Kane undergoes a psych evaluation, where the dazzling Dr. Poesy warns Kane that his "story takes place within a much larger story”--a story that is bigger than the East Amity Police investigation and potentially dangerous. In fact, a local painter has disappeared and Dr. Poesy strongly hints Kane may be a suspect. Dr. Poesy says they will help Kane as long as Kane keeps a journal in which he must write anything he remembers about his "incendiary" incident.
Back at school, Kane learns that he has a small, close-knit group of friends who call themselves "The Others"; they, like the experience of the accident, have "been cut from his memory entirely." Kane, seeking information, eavesdrops on them debating how to handle him and his missing "powers." Another "reverie" will be happening soon, they say, and it's Kane who has always unraveled them. This time, however, the group agrees they must keep him away.
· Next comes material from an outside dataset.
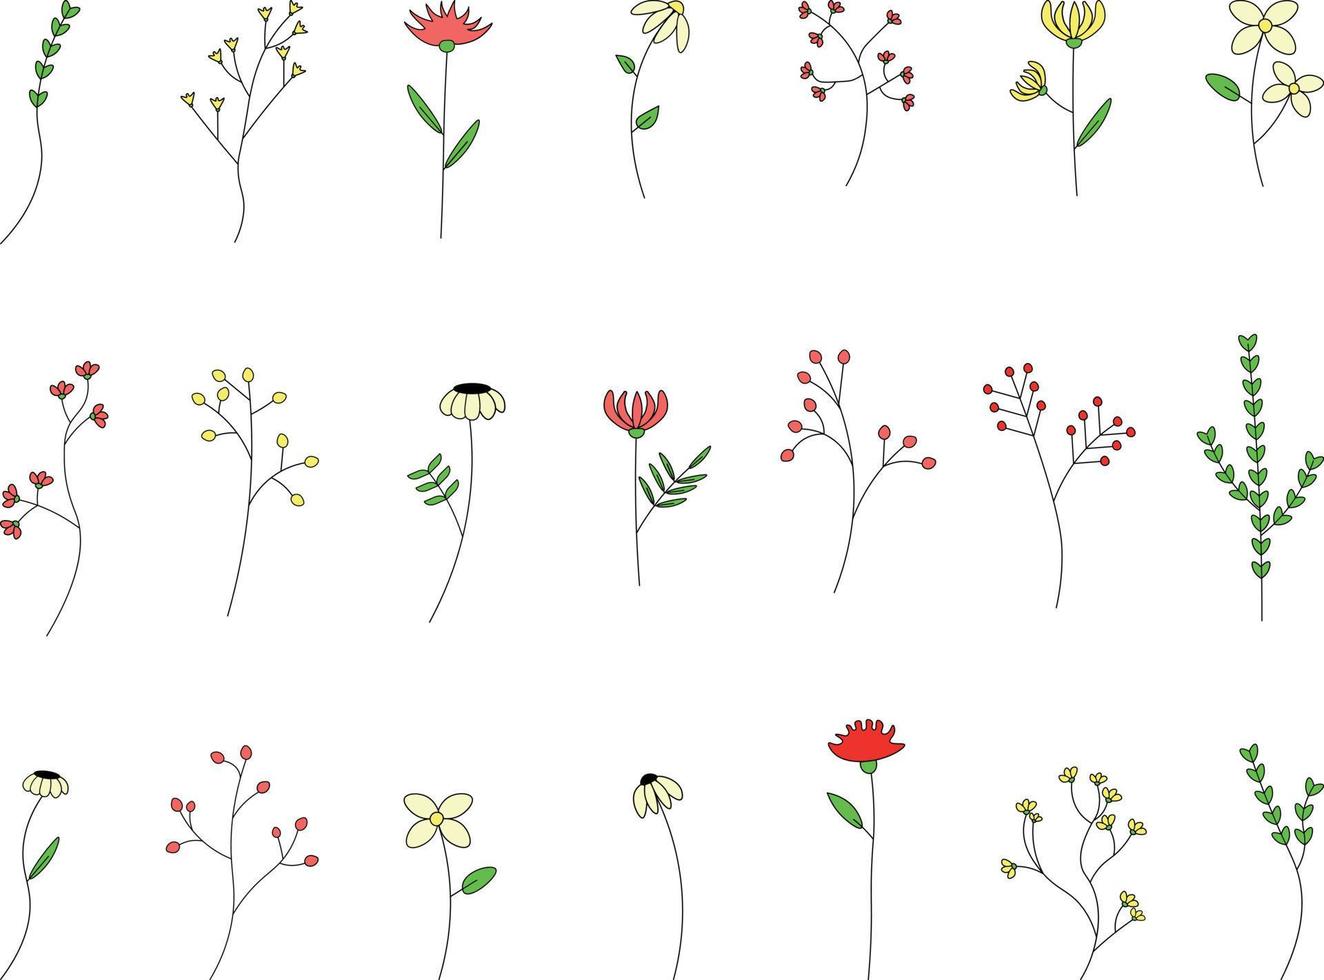 sommarblommor set. svart och vit doodle illustration isolerad på vit bakgrund. ange doodles av växter och blommor illustration vektor
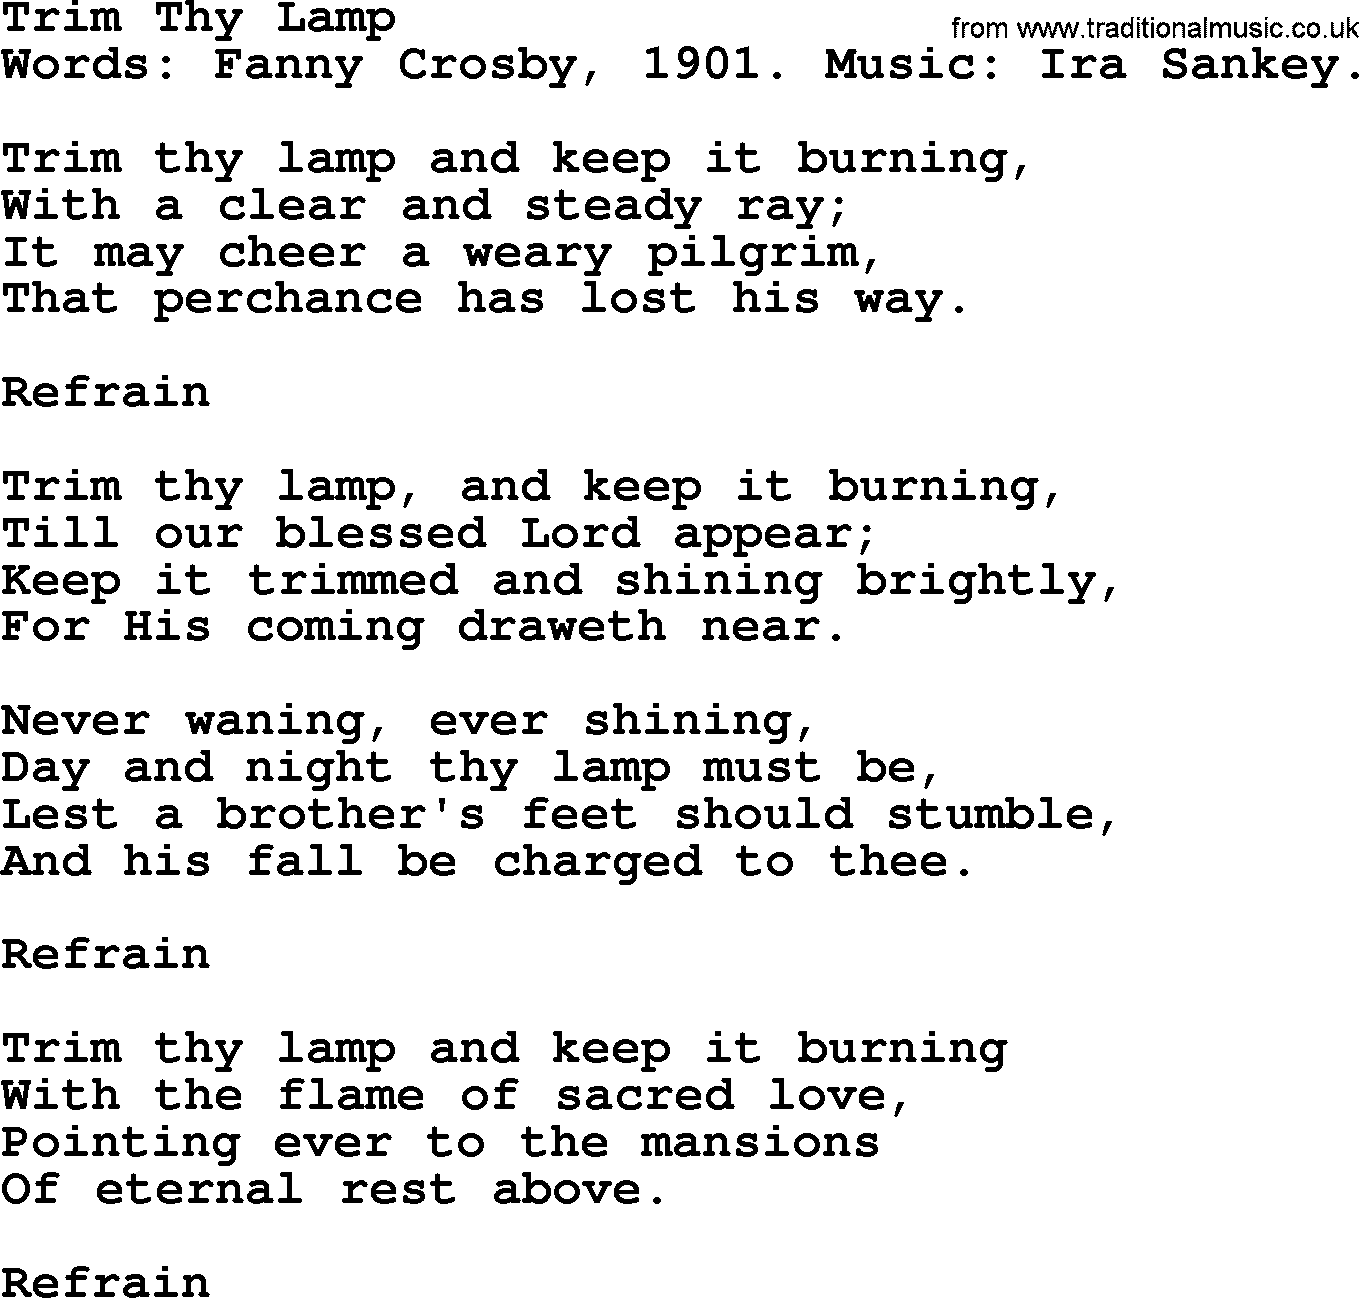 Fanny Crosby song: Trim Thy Lamp, lyrics

Furious with all the secrets and needing to learn more, Kane seeks out the reverie, finding himself in a "crazy fantasy" involving "a subterranean civilization that worships a god called the Cymo." Kane has to somehow survive until the reverie becomes "unstable" and starts to "collapse," at which point he is supposed to unravel it--if he can remember how.
In East Amity, where dreams actually do become real, readers feel the tangible danger as the "fantastic realities people lovingly [create] for themselves" spin out of control. Like so many others in Reverie, Kane wants to believe he can escape into the "intoxicating potential" of dreams. But, before the end of this thrilling narrative, Kane must either come to terms with fighting "for a reality that fails so many, so often" or, instead, fight to change it. --Lynn Becker, blogger and host of Book Talk, a monthly online discussion of children's books for SCBWI.
Shelf Talker: After surviving an accident of which he has no memory, Kane discovers it's up to him to save his town from dreams that magically become real.